Prompt: From the material below, retype exactly the lines that begin at the line with "The E-Connector: News" and end after the line with "paris itinerary 4"; pictures stay out of the copy.

Supplied data:

◇ ◇ ◇ ◇

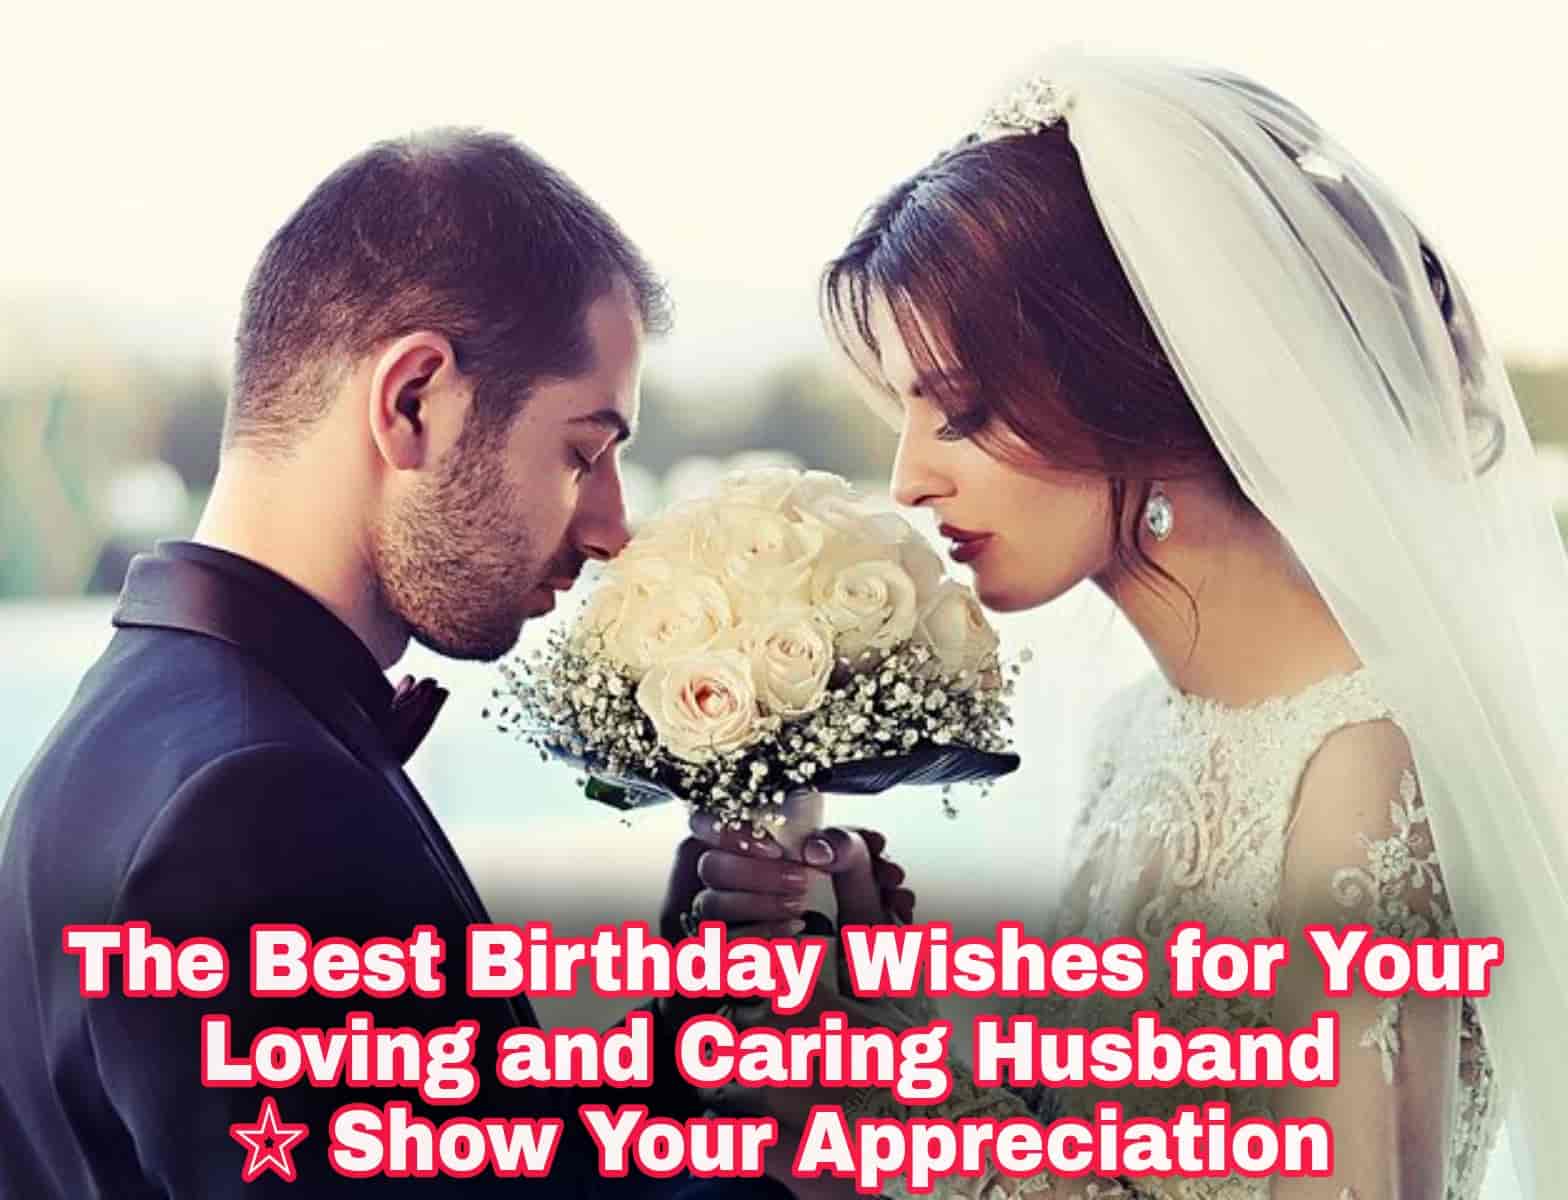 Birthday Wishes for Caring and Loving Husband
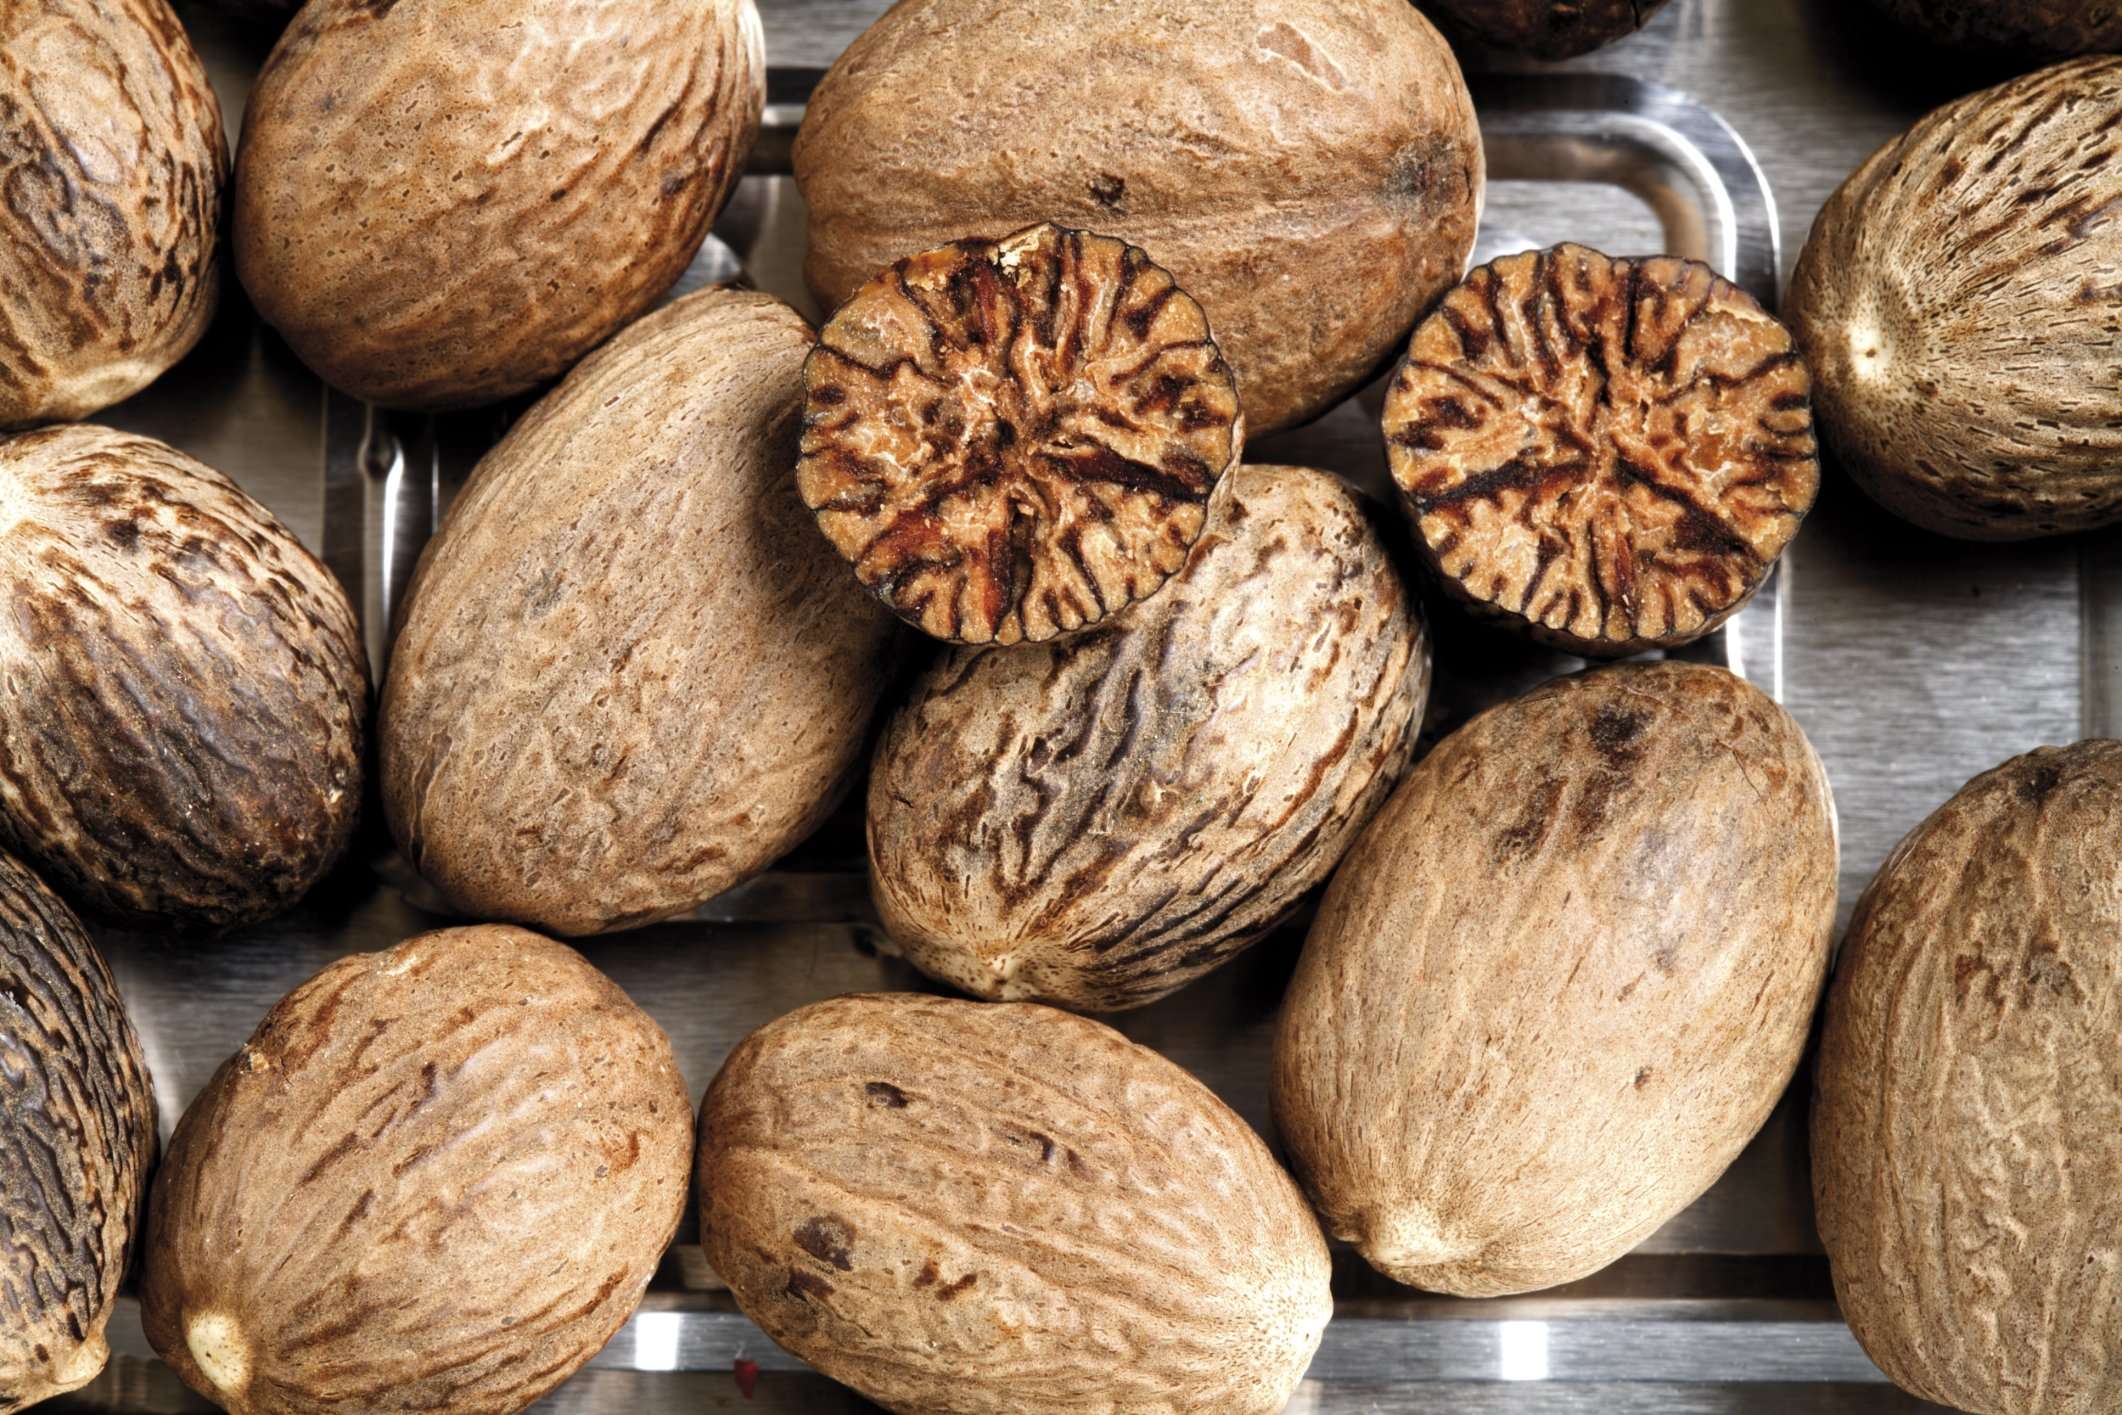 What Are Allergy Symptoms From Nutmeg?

◇ ◇ ◇ ◇

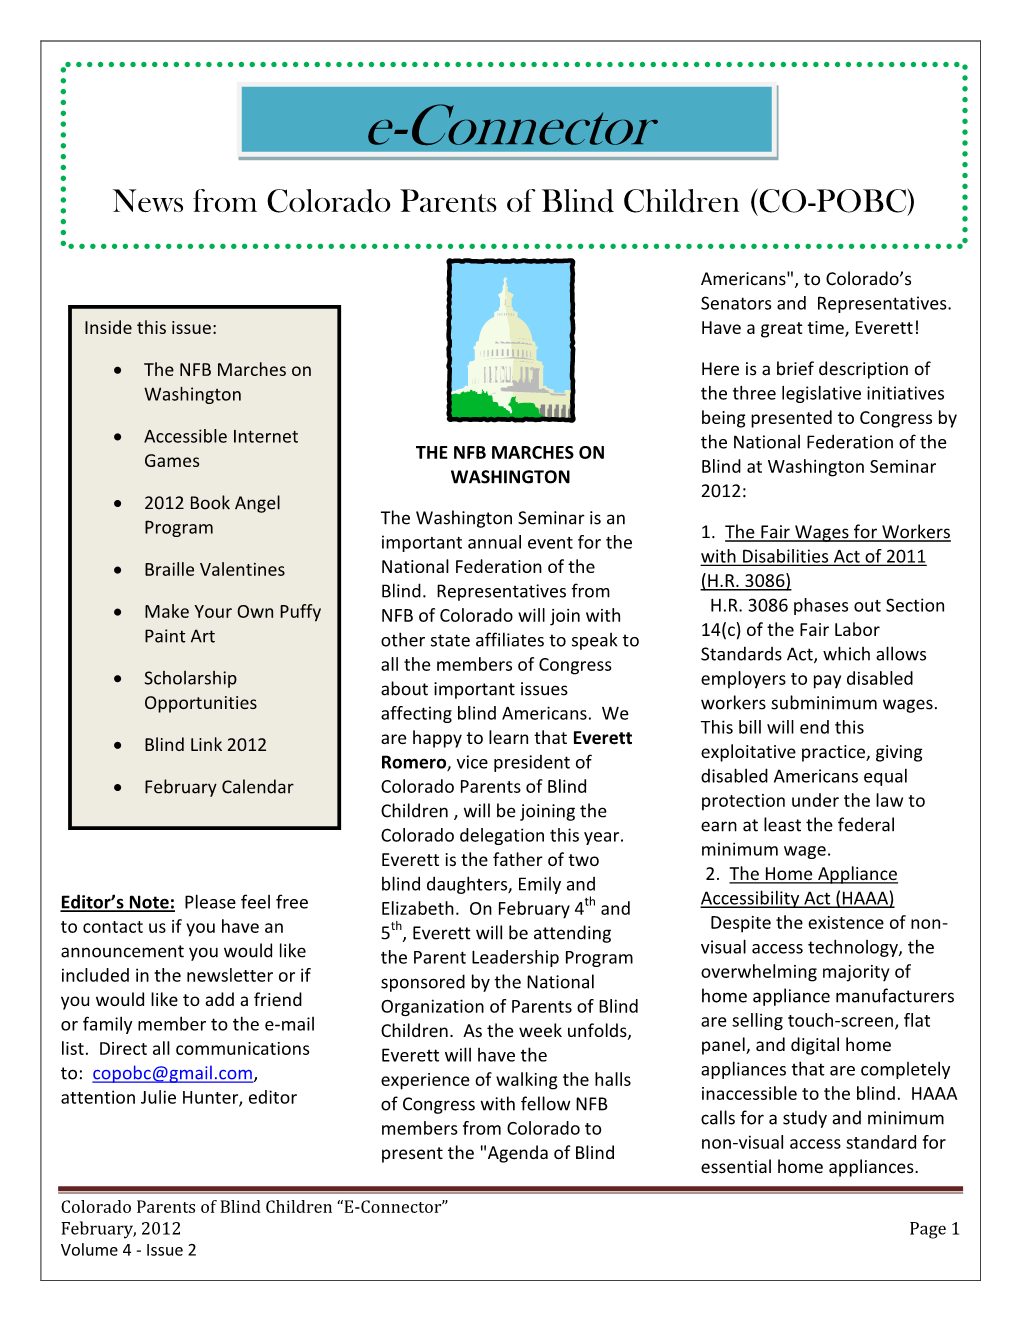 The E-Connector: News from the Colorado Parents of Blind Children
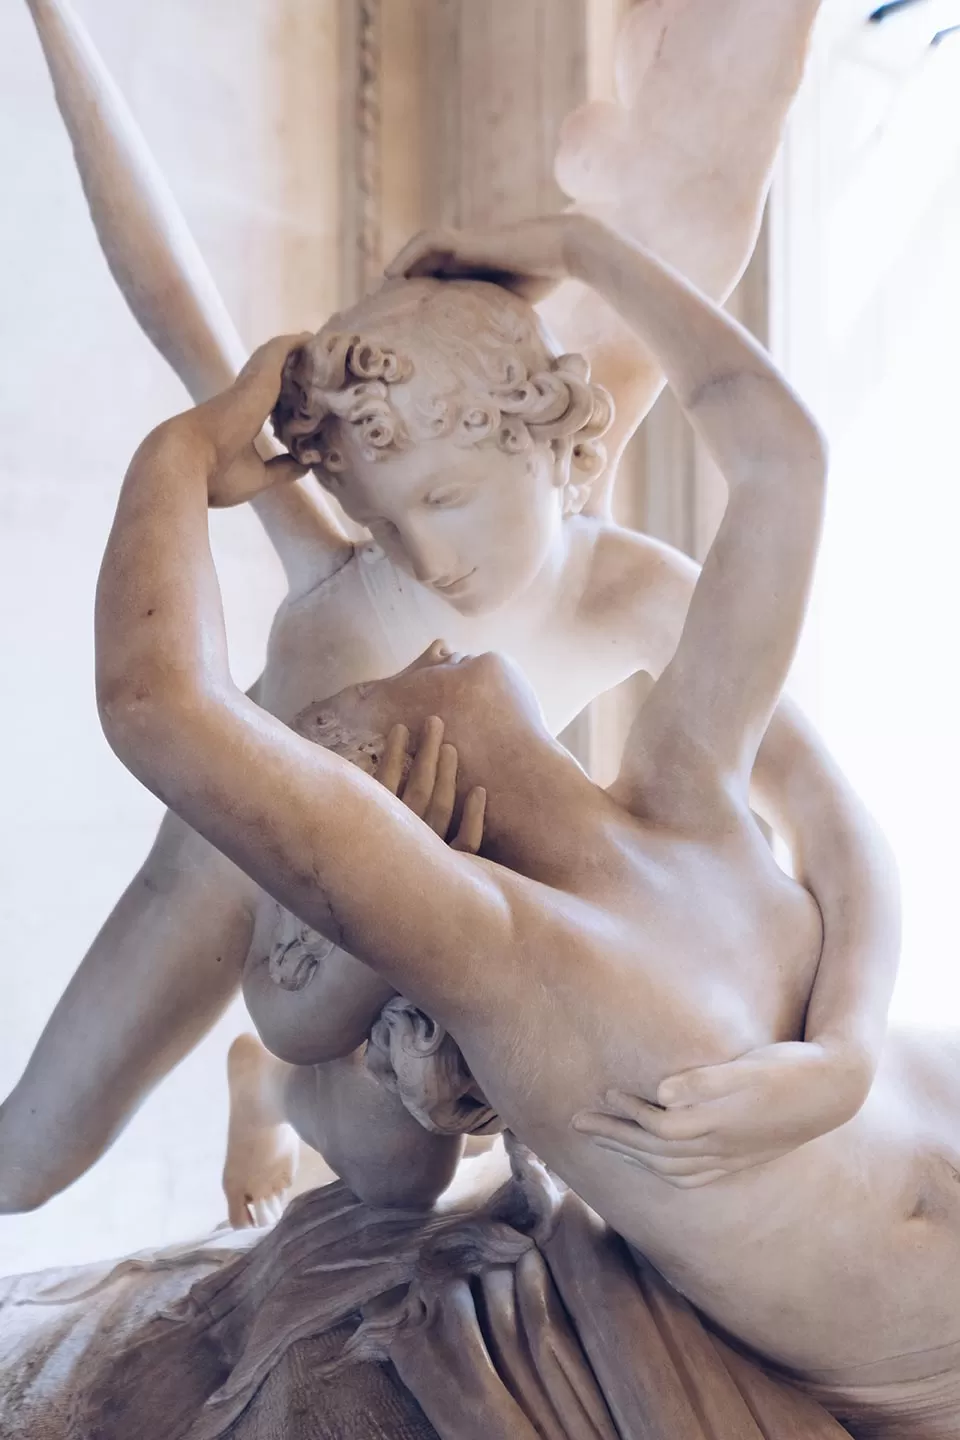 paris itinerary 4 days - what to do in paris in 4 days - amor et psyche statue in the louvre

◇ ◇ ◇ ◇

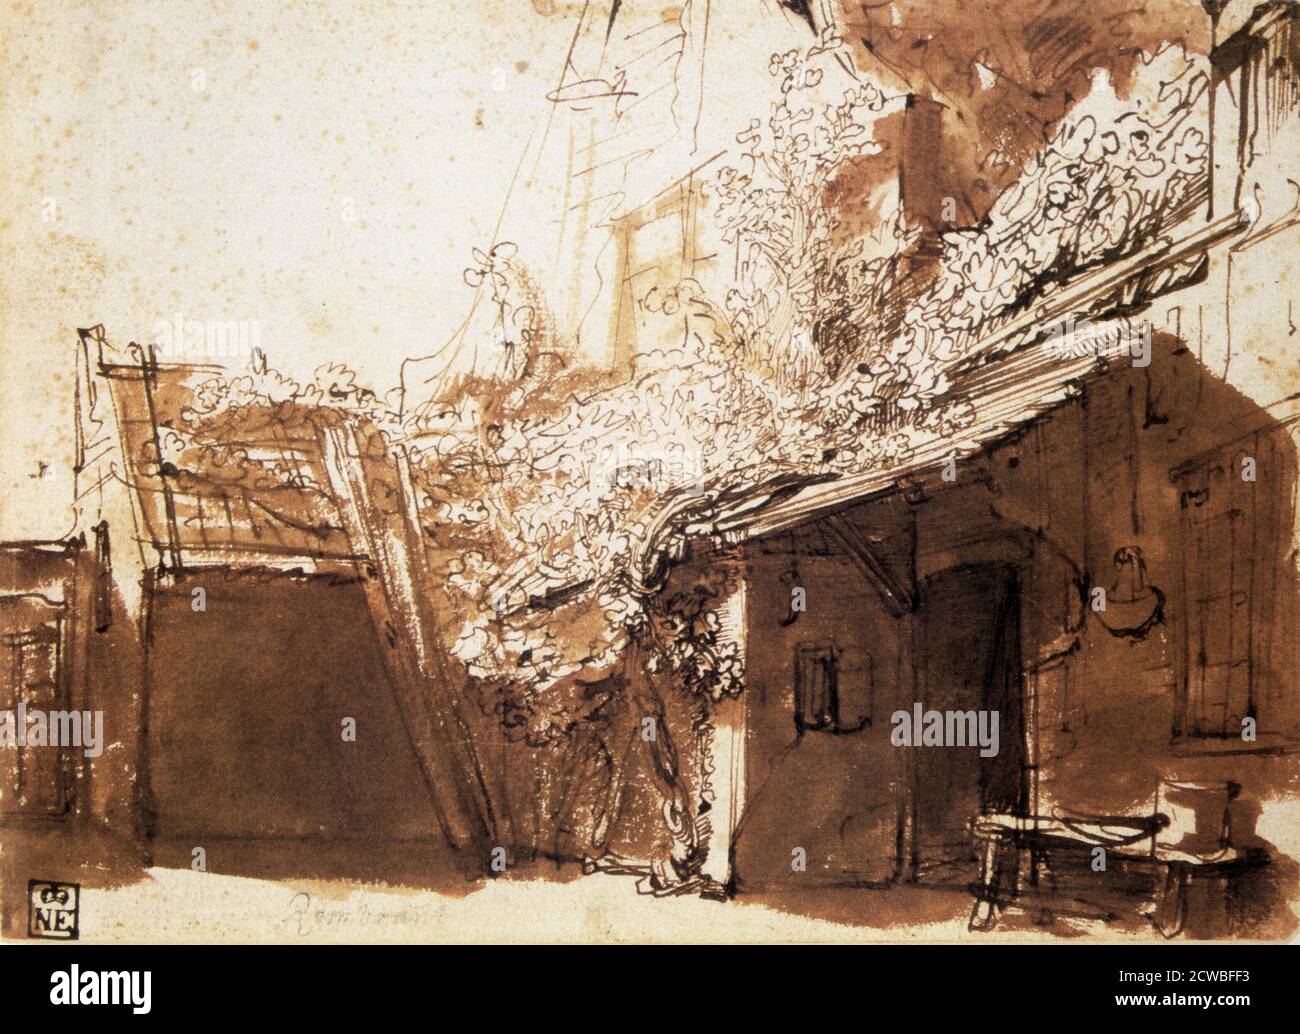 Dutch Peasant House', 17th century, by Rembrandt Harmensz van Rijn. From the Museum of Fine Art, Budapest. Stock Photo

◇ ◇ ◇ ◇

Solution:
 The E-Connector: News from the Colorado Parents of Blind Children
 paris itinerary 4 days - what to do in paris in 4 days - amor et psyche statue in the louvre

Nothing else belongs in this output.